Given a 3-dimensional reflexive polytope P, we construct a possibly-empty list of Laurent polynomials as follows.  For each facet F of P, decompose F into lattice-Minkowksi-irreducible pieces in all possible ways.  Discard any such decomposition of F which contains a non-degenerate polygon that is not an admissible triangle.  Any remaining decomposition of F will consist of line segments and admissible triangles.  To this decomposition we associate a Laurent polynomial which is the product of certain basic Laurent polynomials corresponding to line segments and  to admissible triangles.  The basic Laurent polynomials for admissible triangles are:

The coefficients of the basic Laurent polynomials for admissible triangles.

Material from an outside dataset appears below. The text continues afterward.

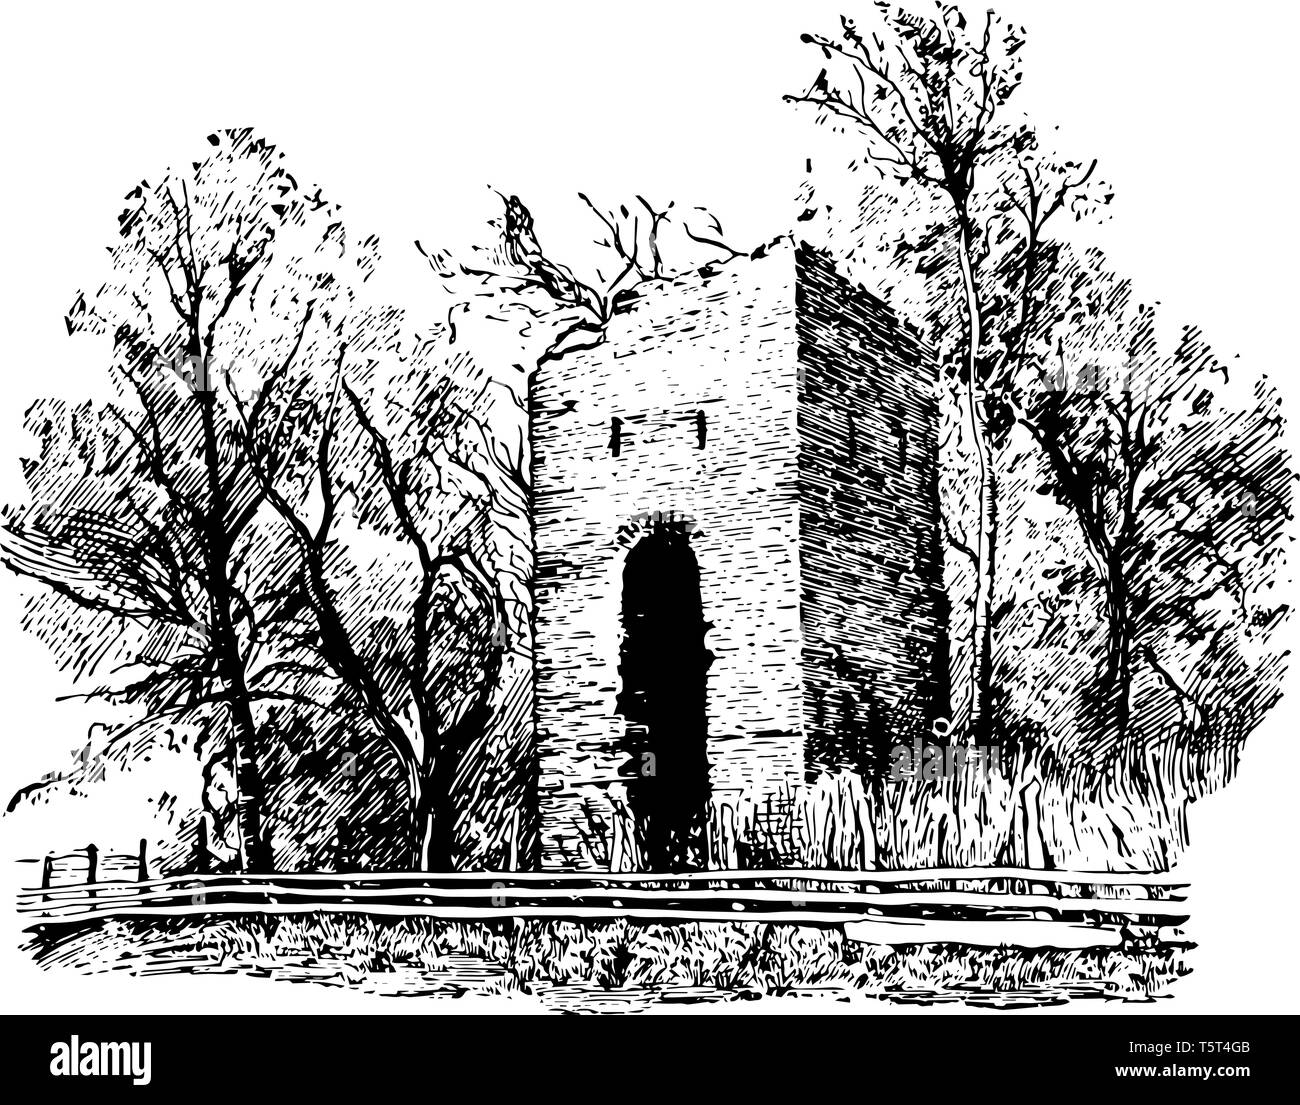 Jamestown è ora un'isola, solo le rovine della chiesa di mattoni eretta nel 1639 e alcune tombe nel cimitero rimangono vintage disegno della linea. Illustrazione Vettoriale

and so on for the remaining admissible triangles.  The basic Laurent polynomials for line segments are:

The coefficients of the basic Laurent polynomials for line segments

and so on for other line segments.

So now, for each facet F of P, we have a list L_F of Laurent polynomials; this list will be empty if F cannot be written as a lattice Minkowksi sum of line segments and admissible triangles. In other words for each facet F we have list of ways of assigning coefficients to each integer point in F.  We seek a list of Laurent polynomials with Newton polytope equal to P, or in other words a list of ways of assigning coefficients to each integer point in P.  This is produced by assigning the coefficient zero to the origin (which is the only interior point of P) and then assigning coefficients to the integer points on facets of P as specified in the facet lists (but amalgamated in all possible ways, so if there are n_F elements in the list for facet F then the number of elements in the list for P is \prod_{\text{facets F}} n_F).

Points to Note

  • This ansatz almost generalizes the earlier recipes given by Pryjzalkowski and Galkin, but differs a little because of the difference between Minkowski decomposition and lattice Minkowksi decomposition.
  • Altman has studied the deformation theory of affine toric varieties and discovered a close connection with Minkowski decompositions.  Since we expect to find the local system associated to an extremal Laurent polynomial f as a piece of the quantum cohomology local system associated to a smoothing of the Newton polytope of f, this is encouraging.  But note that Minkowski decomposition and lattice Minkowksi decomposition are not the same.
  • We suspect that if P is a 3-dimensional reflexive polytope containing a facet with no admissible lattice Minkowski decompositions then the toric variety corresponding to P does not smooth.  More on this later.
  • This ansatz also fits well with  Kouchnirenko’s criterion for a Laurent polynomial to be degenerate.